When we run the above with stride = 1024, i.e. no overlap, the resulting PPL is 19.44, which is about the same as the 19.93 reported in the GPT-2 paper.


Model: Qwen/Qwen3-0.6B
VLLM: torch.bfloat16 23.85902976989746
Transformers: torch.bfloat16 23.859342575073242
Difference (%): -0.001311038536778668
PASSED

Model: Qwen/Qwen3-0.6B-FP8
VLLM: torch.bfloat16 24.331377029418945
Transformers: torch.bfloat16 24.322189331054688
Difference (%): 0.03777496441295651
PASSED      

Model: openai-community/gpt2-large
VLLM: torch.bfloat16 19.455724716186523
Transformers: torch.bfloat16 19.456192016601562
Difference (%): -0.002401808198851681
PASSED

Model: google/gemma-2b
VLLM: torch.bfloat16 21.491100311279297
Transformers: torch.bfloat16 21.554302215576172
Difference (%): -0.2932217599287546
PASSED


Model: google/gemma-2-2b
VLLM: torch.bfloat16 102.50028991699219
Transformers: torch.bfloat16 102.73869323730469
Difference (%): -0.23204823110007702
PASSED


Model: google/gemma-3-4b-it
VLLM: torch.bfloat16 27.99801254272461
Transformers: torch.bfloat16 27.951711654663086
Difference (%): 0.1656459848812129
PASSED

Threshold

Model	Transformers:auto	VLLM:auto-diff	Transformers:float32-diff	VLLM:float32-diff
Qwen/Qwen3-0.6B	23.85934258	-0.001%	-0.020%	-0.020%
Qwen/Qwen3-0.6B-FP8	24.32218933	0.038%	-0.040%
openai-community/gpt2-large	19.45619202	-0.002%	-0.051%	-0.051%
google/gemma-2b	21.55430222	-0.293%	-0.194%	-0.161%
google/gemma-2-2b	102.7386932	-0.232%	-1.713%
google/gemma-3-4b-it	27.95171165	0.166%	-0.340%

PPL_TOL = 0.01

The VLLM auto dtype and Transformers auto dtype differ by less than 1%, not too bad.

Known Issues

There is a significant difference between using bfloat16 and float32 for inference.
e.g. google/gemma-2-2b, 1.713% (Transformers float32 dtype vs Transformers auto dtype)

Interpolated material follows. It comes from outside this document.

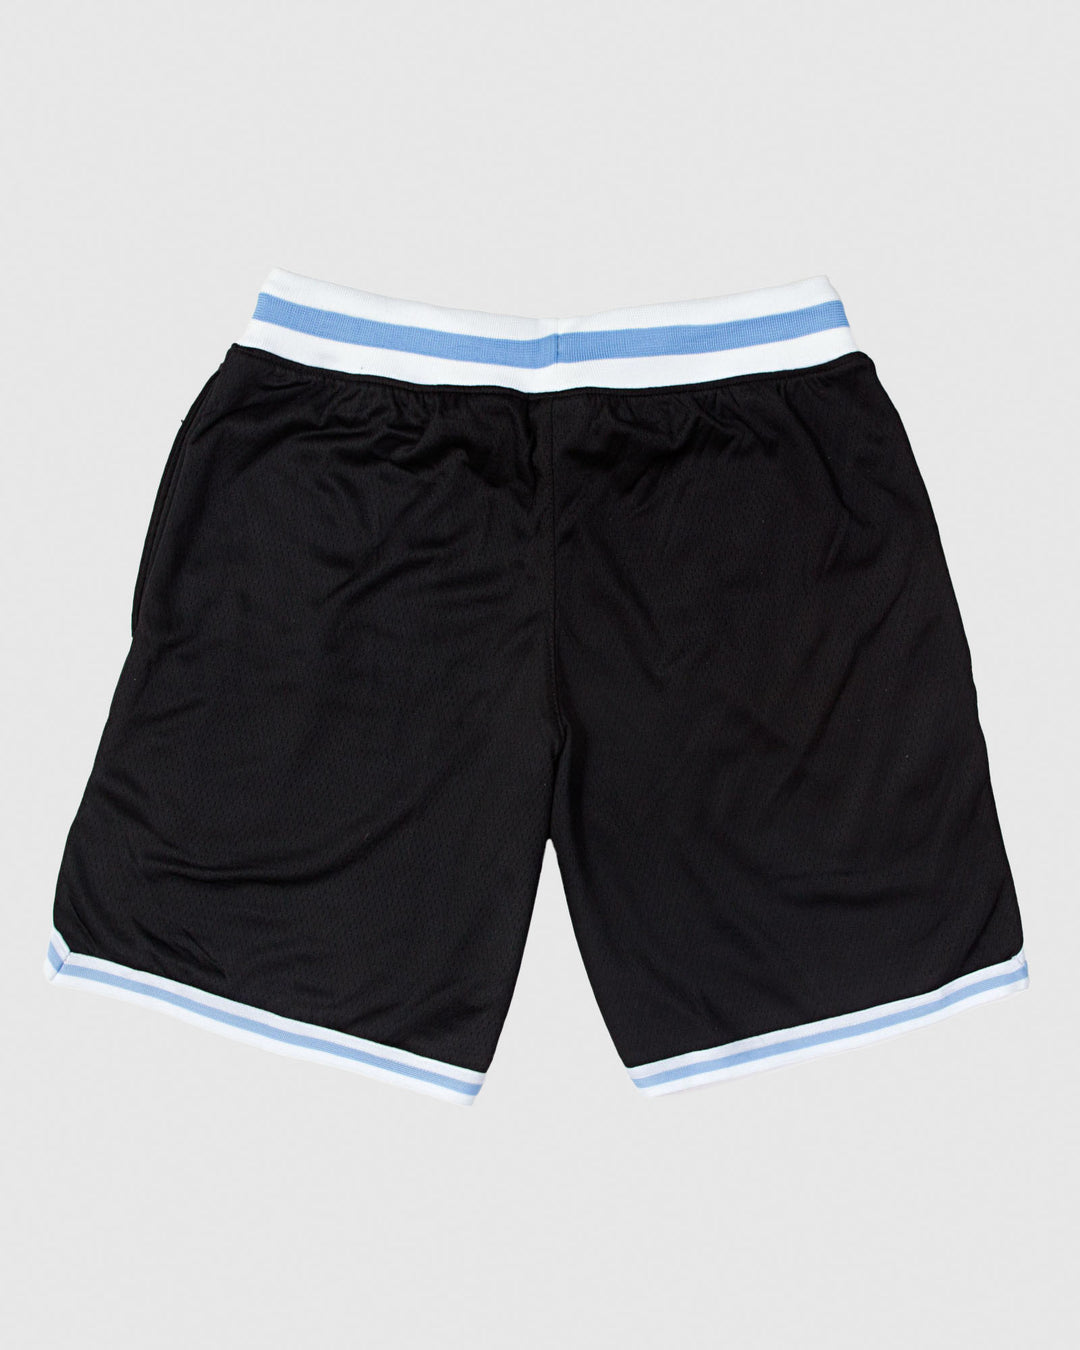 Back of black mesh shorts with blue and white waistband#color_black

We might need to use float32 in some critical operator

Essential Elements of an Effective PR Description Checklist

The purpose of the PR, such as "Fix some issue (link existing issues this PR will resolve)".
The test plan, such as providing test command.
The test results, such as pasting the results comparison before and after, or e2e results
(Optional) The necessary documentation update, such as updating supported_models.md and examples for a new model.
(Optional) Release notes update. If your change is user facing, please update the release notes draft in the Google Doc.

Signed-off-by: wang.yuqi <noooop@126.com>

DarkLight1337

Let's make this a separate step in the CI since the Extended models test is taking quite long already

noooop · 2025-09-09T08:08:52Z

Let's make this a separate step in the CI since the Extended models test is taking quite long already

The generated models currently lack a fast, strong, robust, and find numerical issue test that covers almost all models as the MTEB test does in pooling models.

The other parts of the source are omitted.